→ **Data shown**
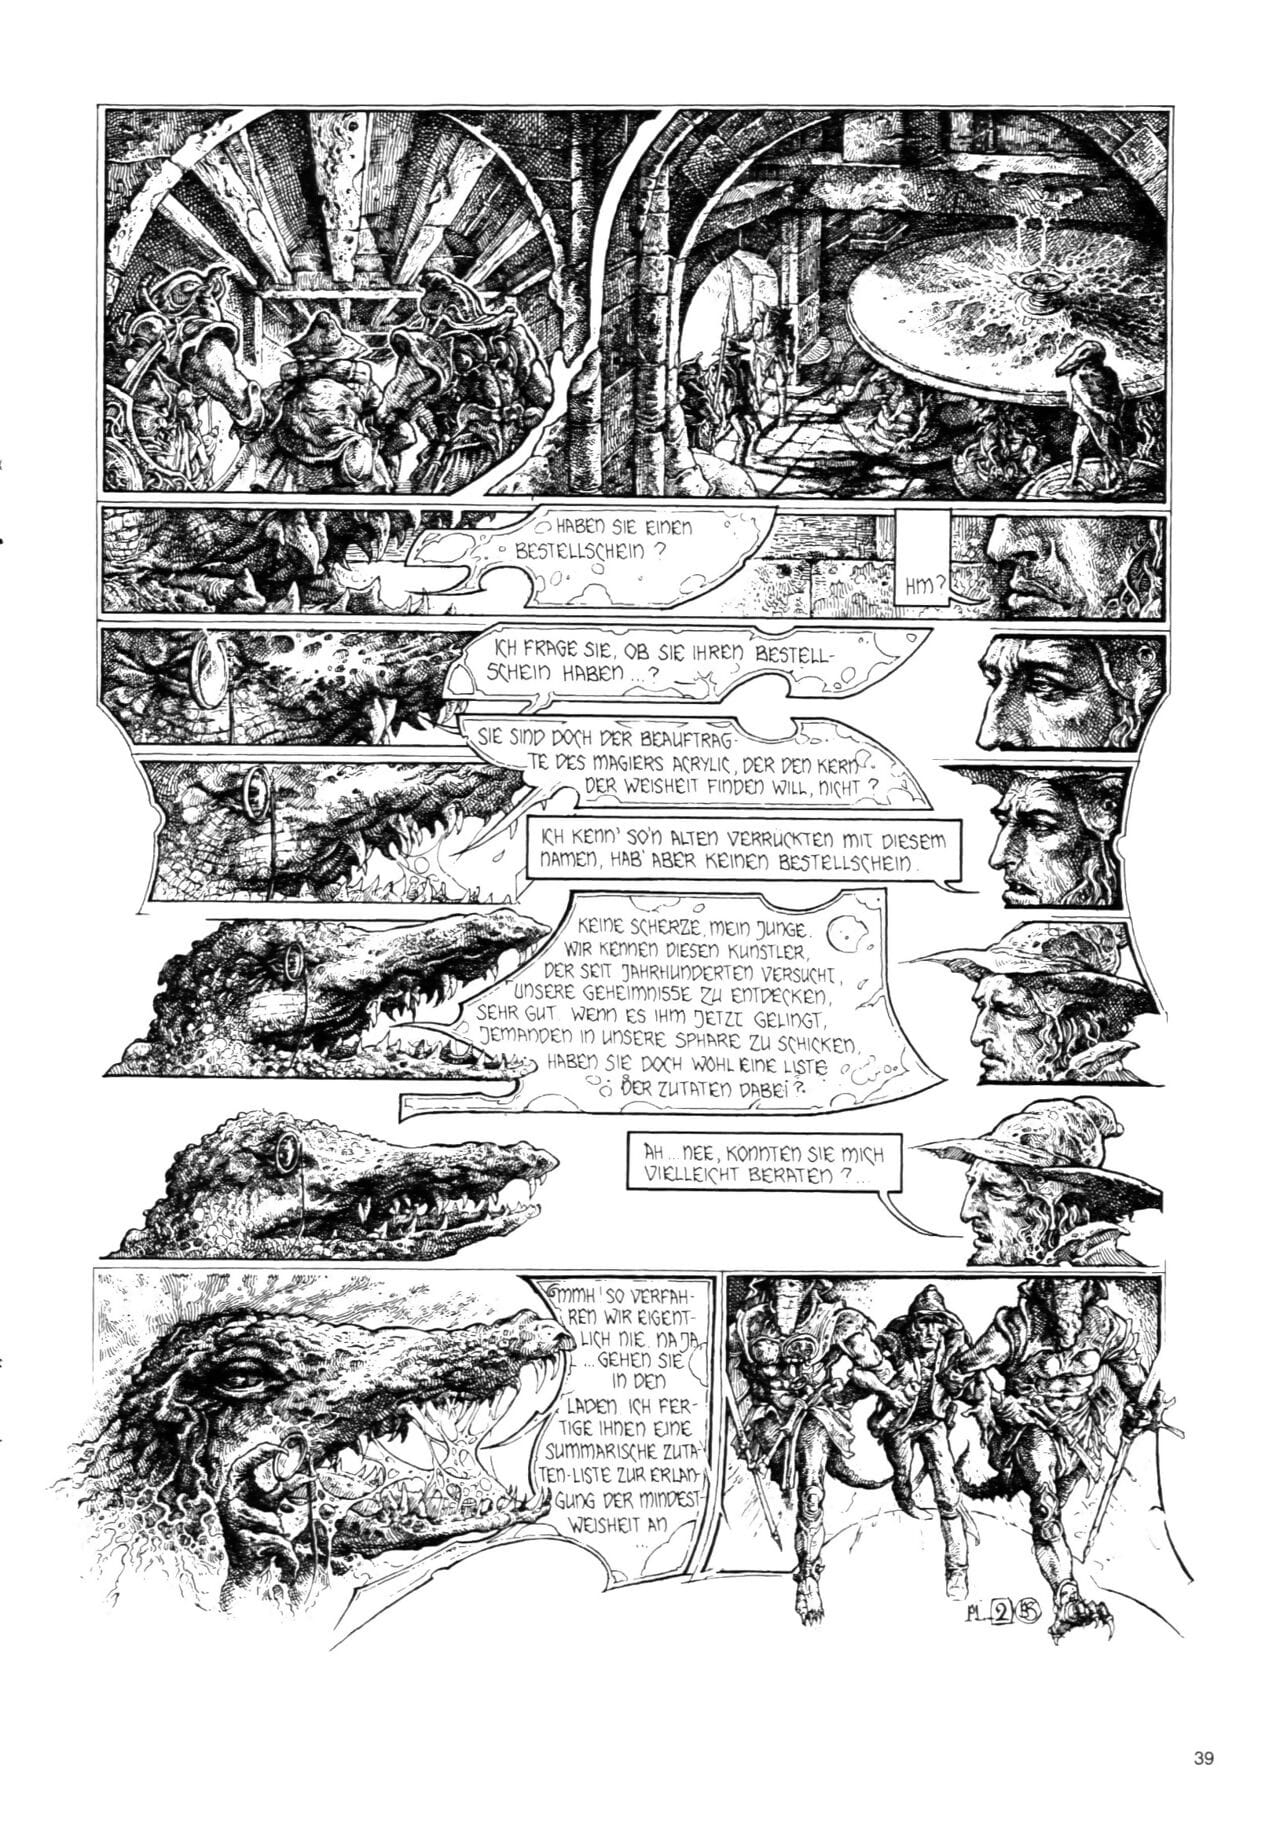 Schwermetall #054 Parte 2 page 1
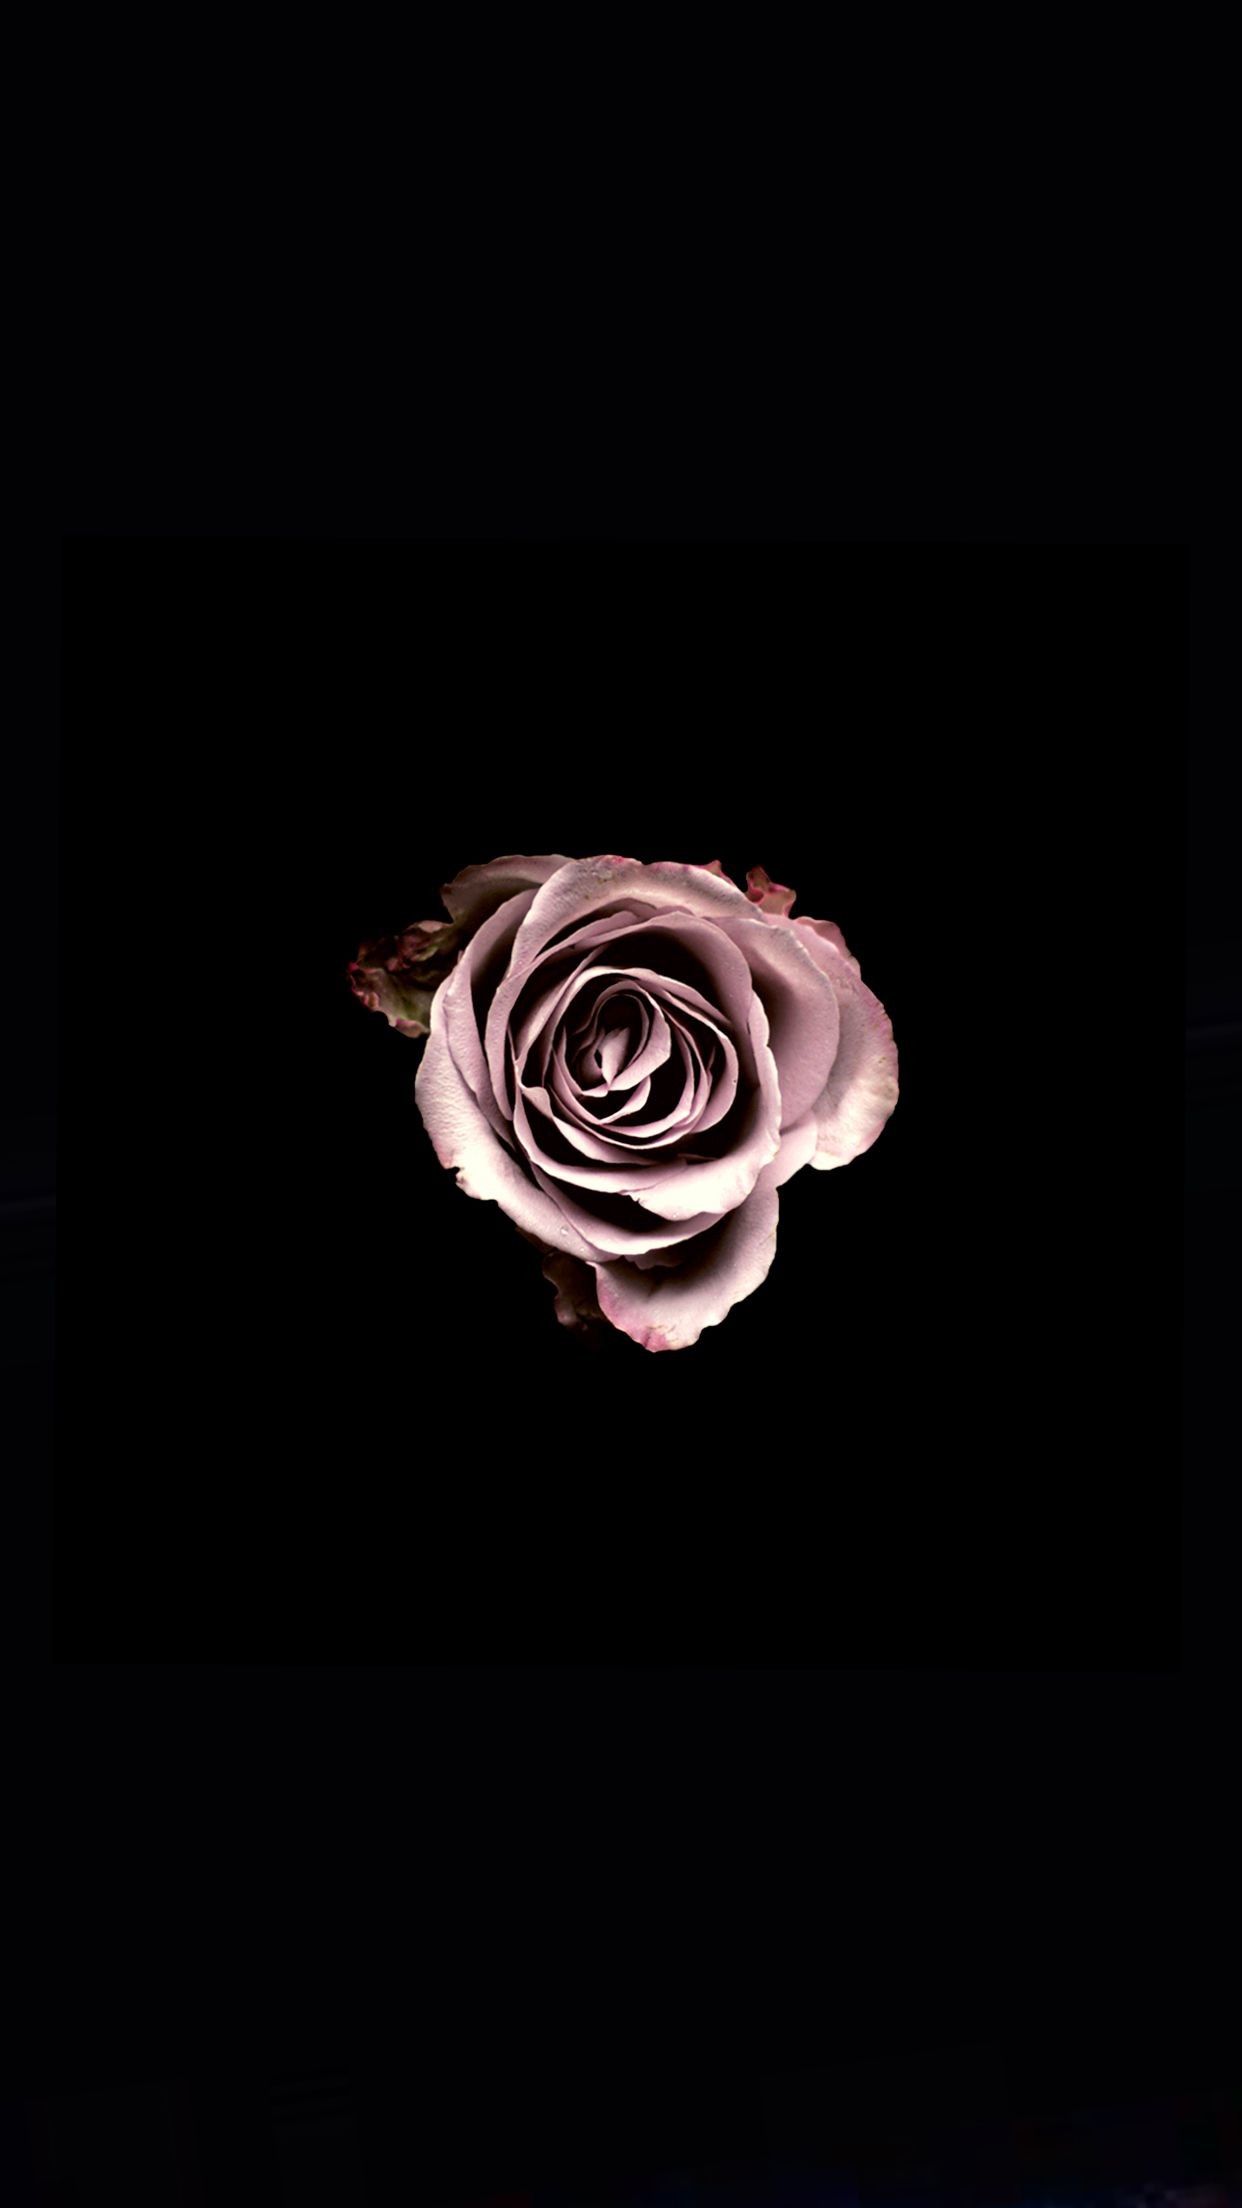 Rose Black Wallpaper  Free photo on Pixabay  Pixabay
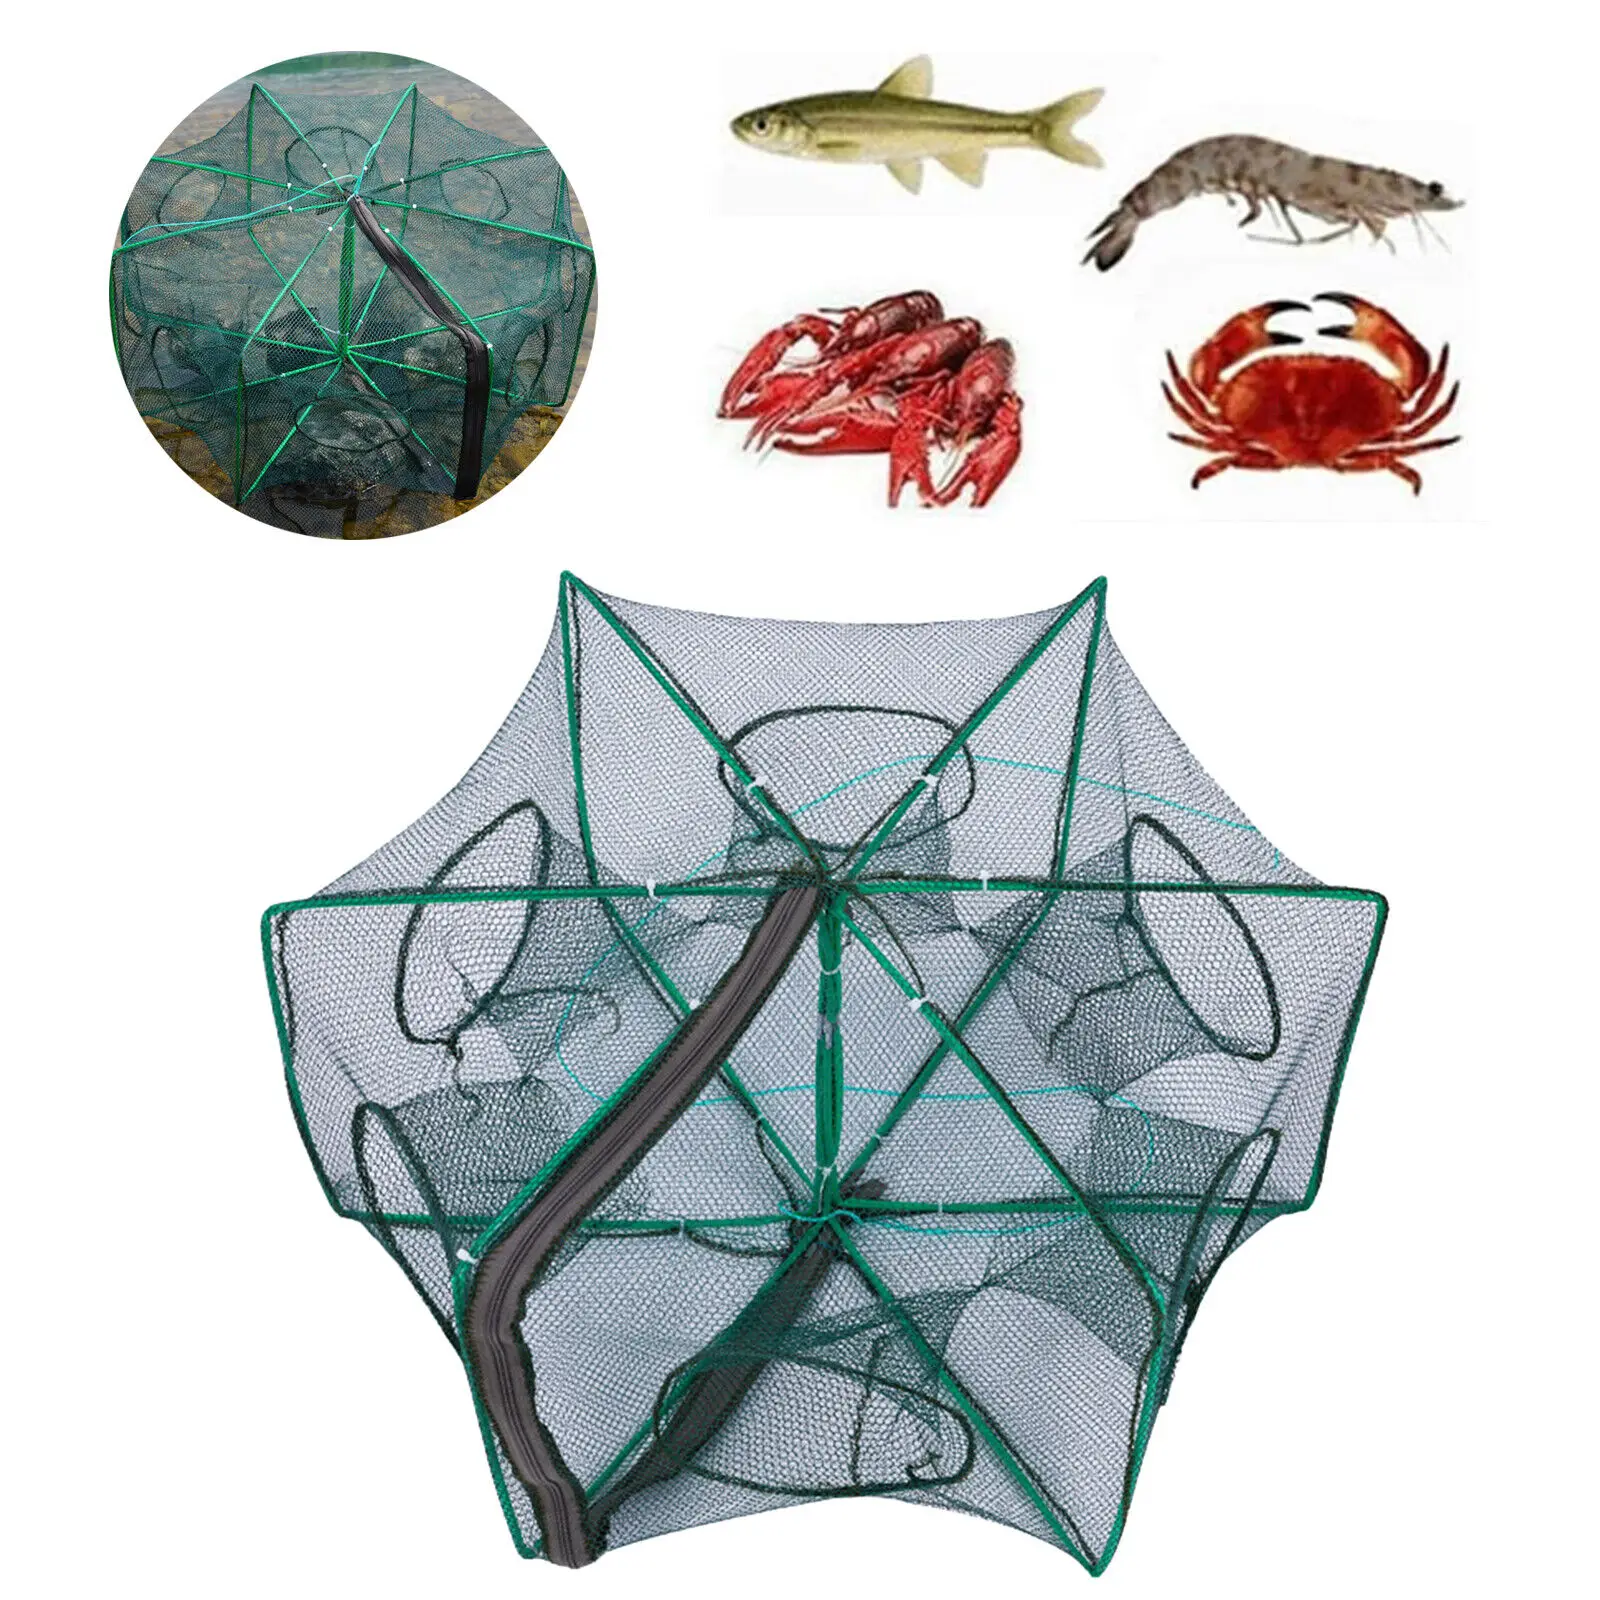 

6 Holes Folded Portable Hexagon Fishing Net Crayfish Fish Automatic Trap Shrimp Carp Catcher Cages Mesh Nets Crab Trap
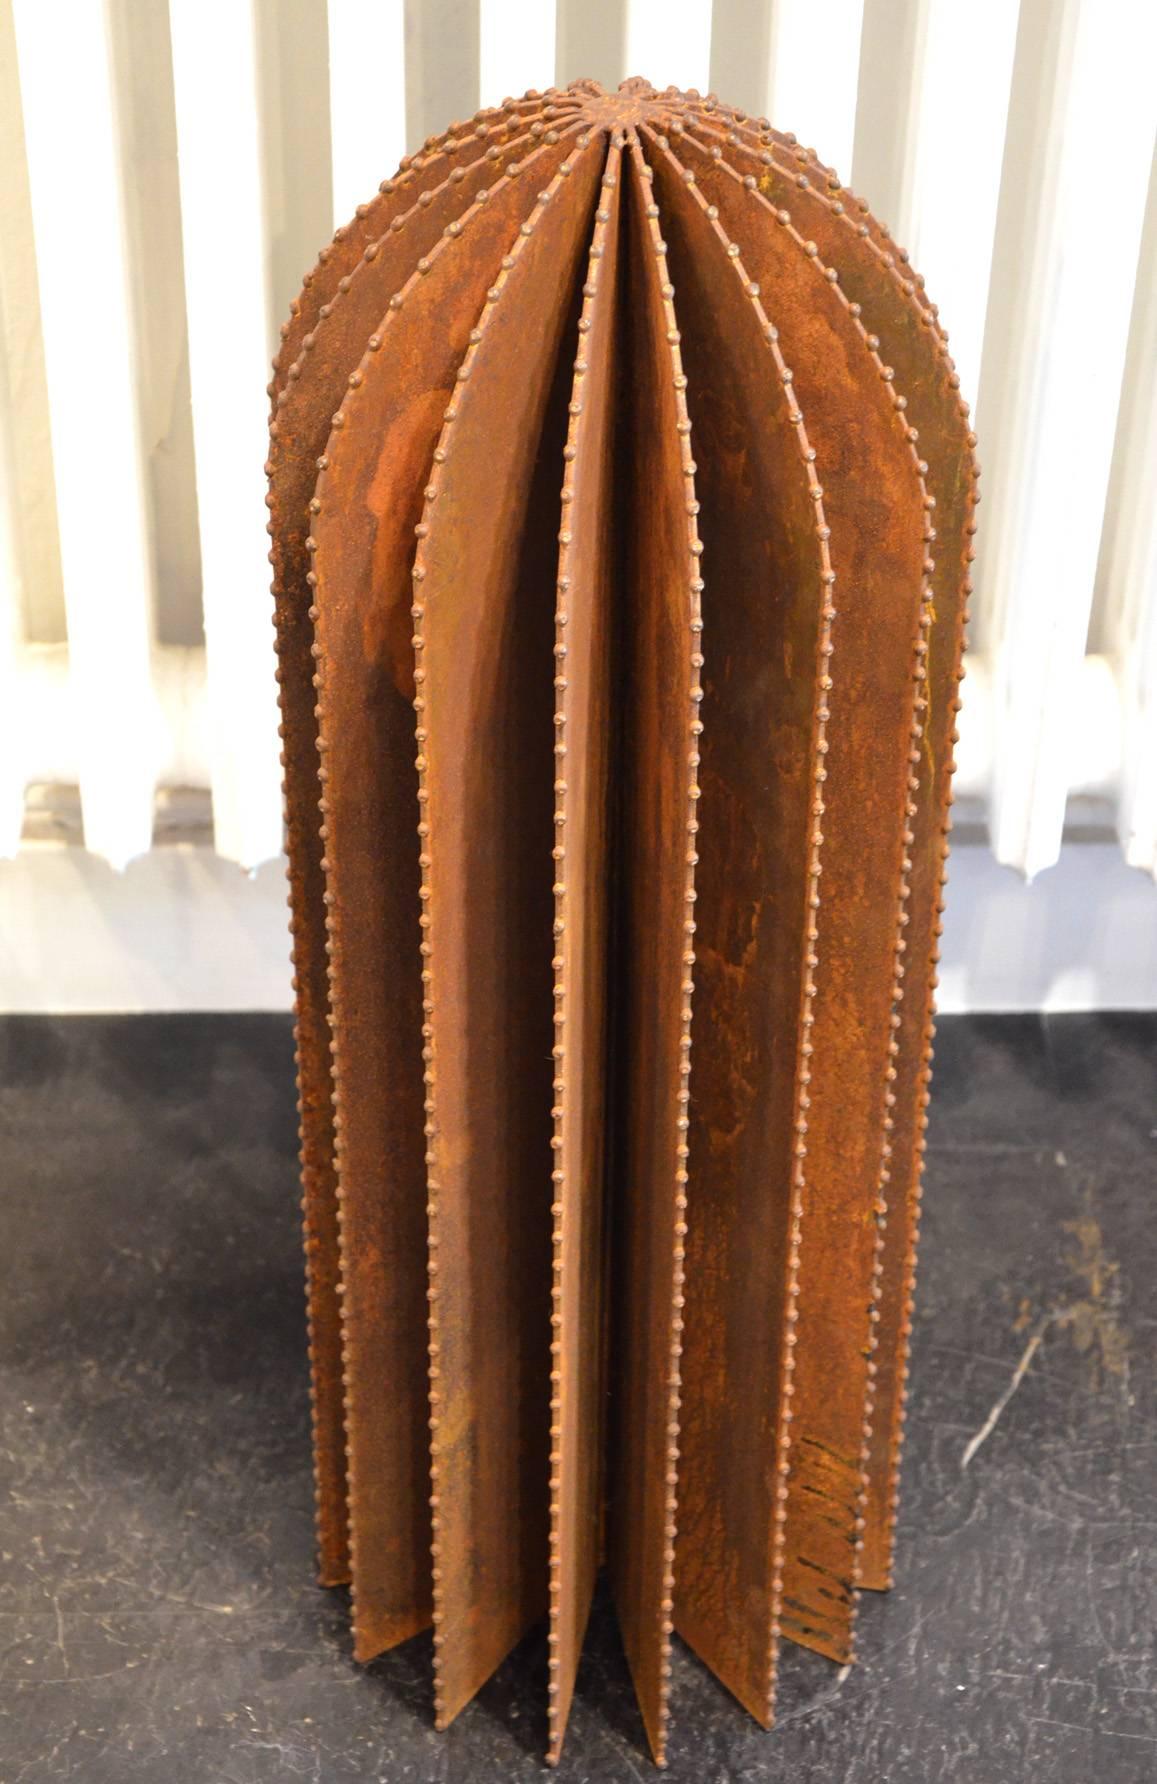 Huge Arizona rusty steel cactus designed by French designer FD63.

→ **Your assignment**
Leaving the images out, retype all the material above exactly.

→ **Solution to the exercise**
 Schwermetall #054 Parte 2 page 1
 Rose Black Wallpaper  Free photo on Pixabay  Pixabay

6 Holes Folded Portable Hexagon Fishing Net Crayfish Fish Automatic Trap Shrimp Carp Catcher Cages Mesh Nets Crab Trap
 Huge Arizona rusty steel cactus designed by French designer FD63.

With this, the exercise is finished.